Data Quality Assessment: Value Domain Compliance

Melissa Team | Analyzing Data, Analyzing Data Quality, Data Profiling, Data Quality, Data Quality Assessment, USPS | , , , ,

By David Loshin

To continue the review of techniques for using column value analysis for assessing data quality, we can build on a concept I brought up in my last post about format and pattern analysis and the reasonableness of data values, namely whether the set of values that appear in the column complies with the set of allowable data values altogether.

Many business applications rely on well-defined reference data sets, especially for contact information and product data. These reference data sets are often managed as master data, with the values enumerated in a shared space. For example, a conceptual data domain for the states of the United States can be represented using an enumerated list of 2-character codes as provided by the United States Postal Service (USPS).
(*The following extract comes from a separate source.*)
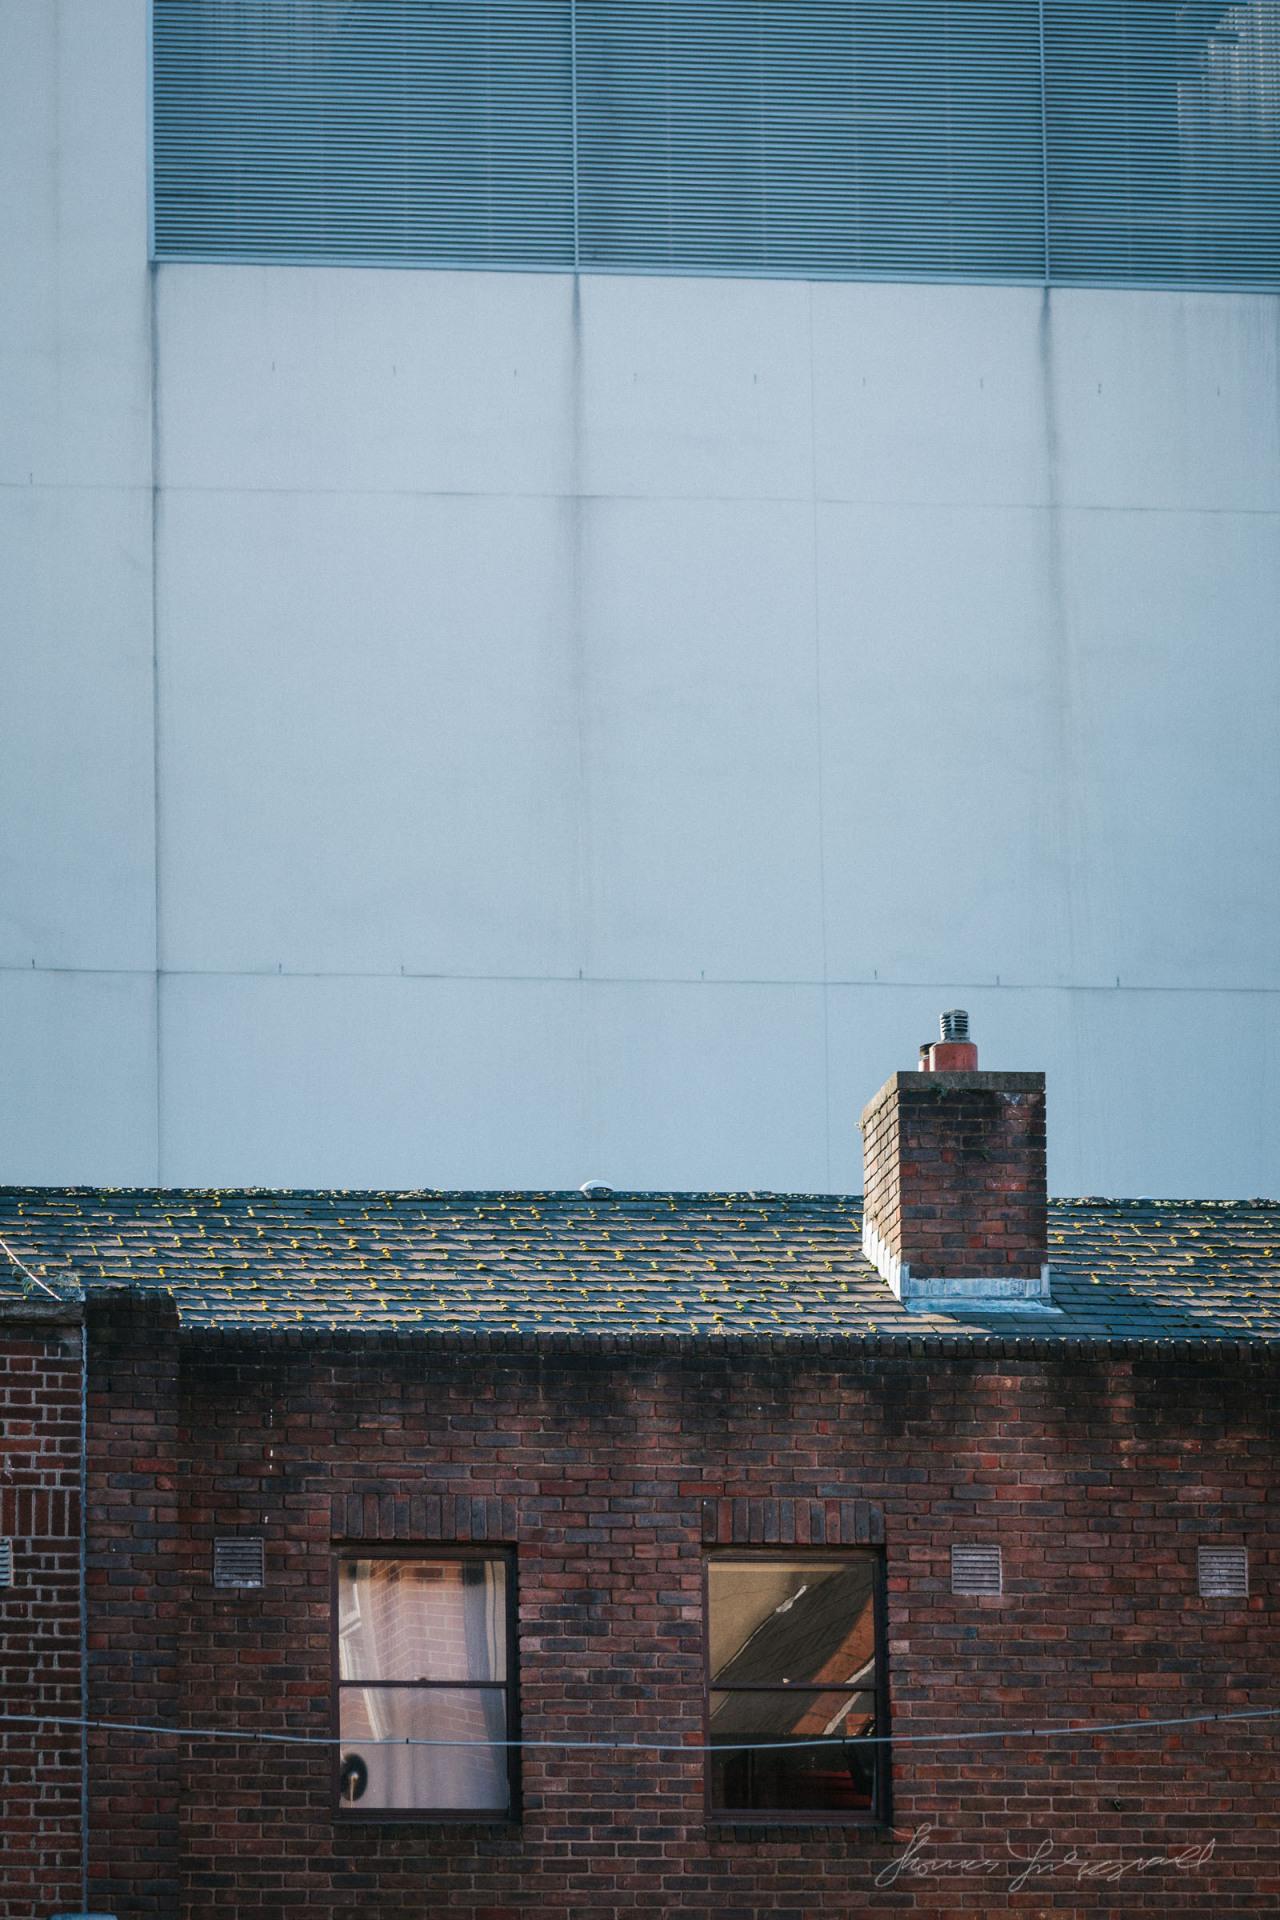 Dublin rooftop

That list establishes a set of valid values, which can be used for verification for any dataset column that is supposed to use that format to represent states of the United States.

A good data profiling tool can be configured to perform yet another column analysis that verifies that each value that appears in the column coincides with one of those in the enumerated master reference set. After the values have been scanned and their number of occurrences tallied, the set of unique values can be traversed and each value compared against the reference set.

Any values that appear in the column that do not appear in the reference set can be culled out as potential issues to be reviewed with the business subject matter expert.

In this blog series, we have looked at a number of methods that column value scanning and frequency analysis can be used as part of an objective review of potential data issues.

In a future series, we will look more closely at why these types of issues occur as well as methods for logging the issues with enough context and explanation to share with the business users and solicit their input for determination of severity and prioritization for remediation.